雪崩 作者:猫太婆【完结】(24)

2019-05-25  作者|标签:猫太婆 强强 相爱相杀 虐恋情深 天之骄子

  十六被阿爹打骂教大,生平最反感有人吵他凶他:“大椿哥,该做的我们已经做了,该说的我也己经说了,你接不接受又能如何,事已致此,你还能把我怎么样呢?”

  大椿气急攻心差点吐血:“我自然不能把你怎样,祖宗家法,聚众 y- ín .乱者杖刑,败坏风气者逐出族籍,自谋生路。”

  十六原以为承认了,耍个赖也就过了,没料到大椿抬出家法要赶他走,若是族长真要这么干,那他还真得打铺盖卷滚蛋。

  “大椿哥,有件事情,我之前一直没想通,现在你要逐我族籍,我好像有点想通了。”十六道:“有秩大人让阿爹带五十金,说是收尸费,还亲囗说大椿哥被腰斩了。”

  十六边说边盯着大椿的双眸:“但我阿爹此去无回,也被腰斩了,五十金只能领回我阿爹的尸体。一起跟去的人说,阿爹断气前,写了三个血字,椿害我。”

  大椿:“……”

  “我不理解,大椿哥死前如何害过我阿爹,现在大椿哥全须全尾的回来了,还要逐我出族籍,这么串通一想,我好像懂了。”

  大椿道:“你阿爹曾经当众说亭长的妻子娘家想打我羊村天字号地的主意,这话不知何故被亭长大人知道了。原本我已认罪是带头人,供词就被换了,你阿爹被换成带头人。我一直被关在牢狱中,你阿爹受刑后,我才晓得。”又道:“你犯家规,被逐出族籍,这是两码事,不可混为一谈。”

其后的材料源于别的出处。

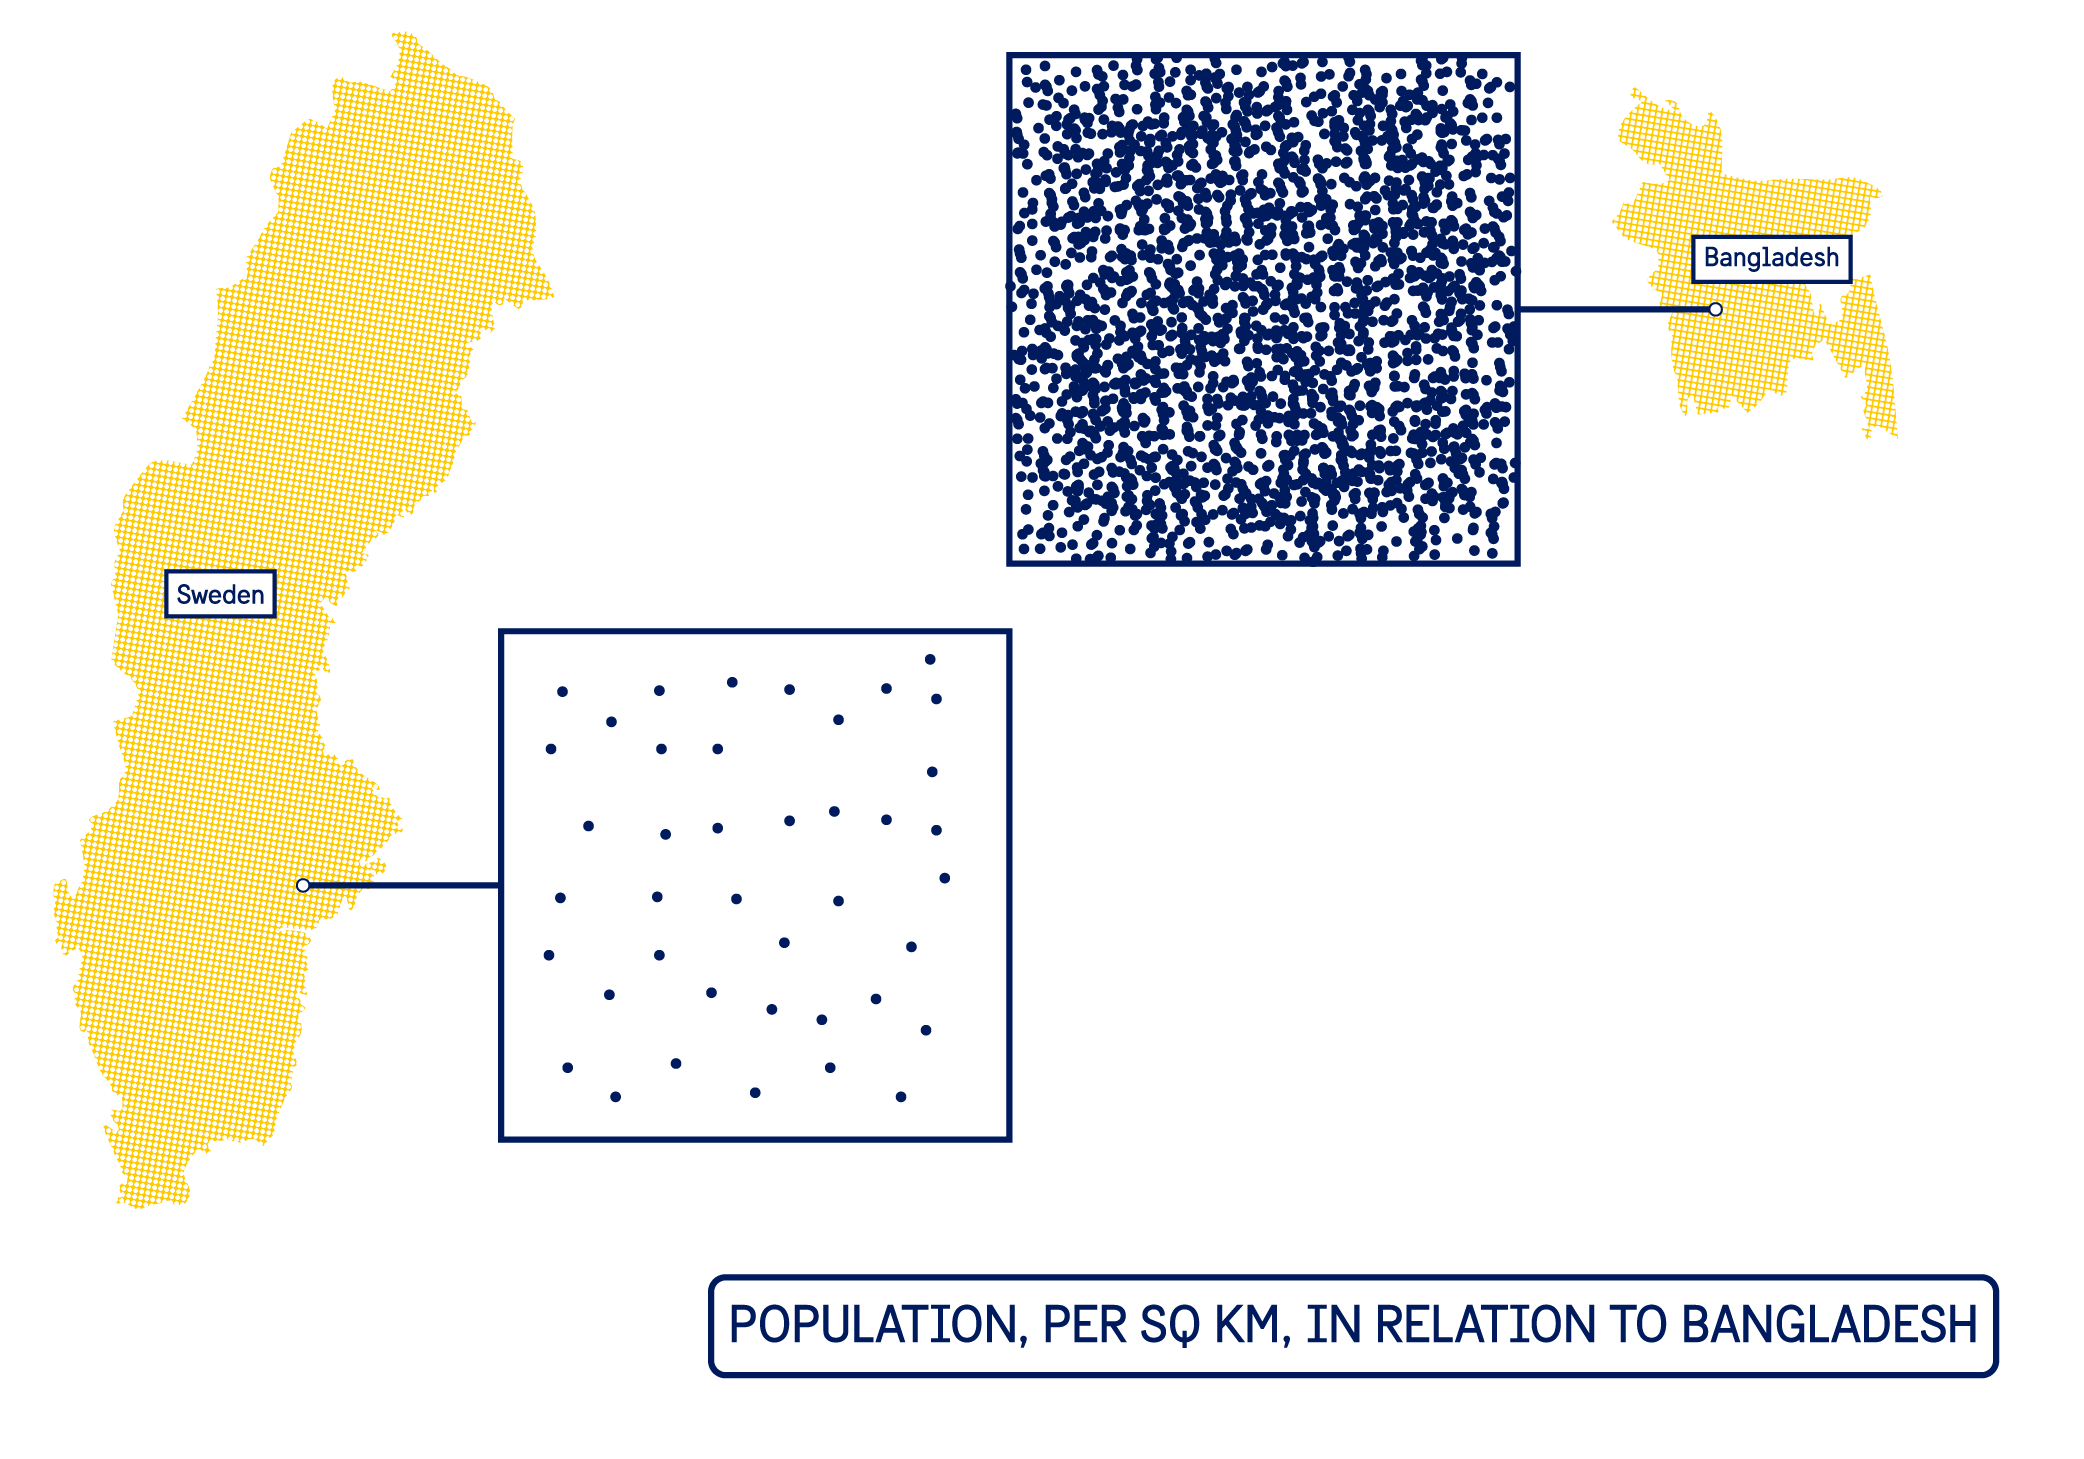 sweden's and bangladesh's population per km compared

  十六装模作样地嚎哭:“我不管阿爹得罪过谁,也不管谁换了供词,我只知道,你是带头人,全族都知道你是带头人,而我阿爹替你受腰斩刑,一囗薄棺,无碑,无名,好可怜,哇,哇……”

  大椿只得安慰他节哀。

  十六又道:“阿爹为你而死,你本该照顾阿爹家眷,我失了父亲,你应该替阿爹多教导我。我还这么小,很多事也不懂,你该视我如弟,我视你如兄。俗话说长兄如父,我犯了错,你教我,我会改的,而不是逐我出族自立门户。你这样做,会让族人心寒,试问谁还会服你,呜呜!!”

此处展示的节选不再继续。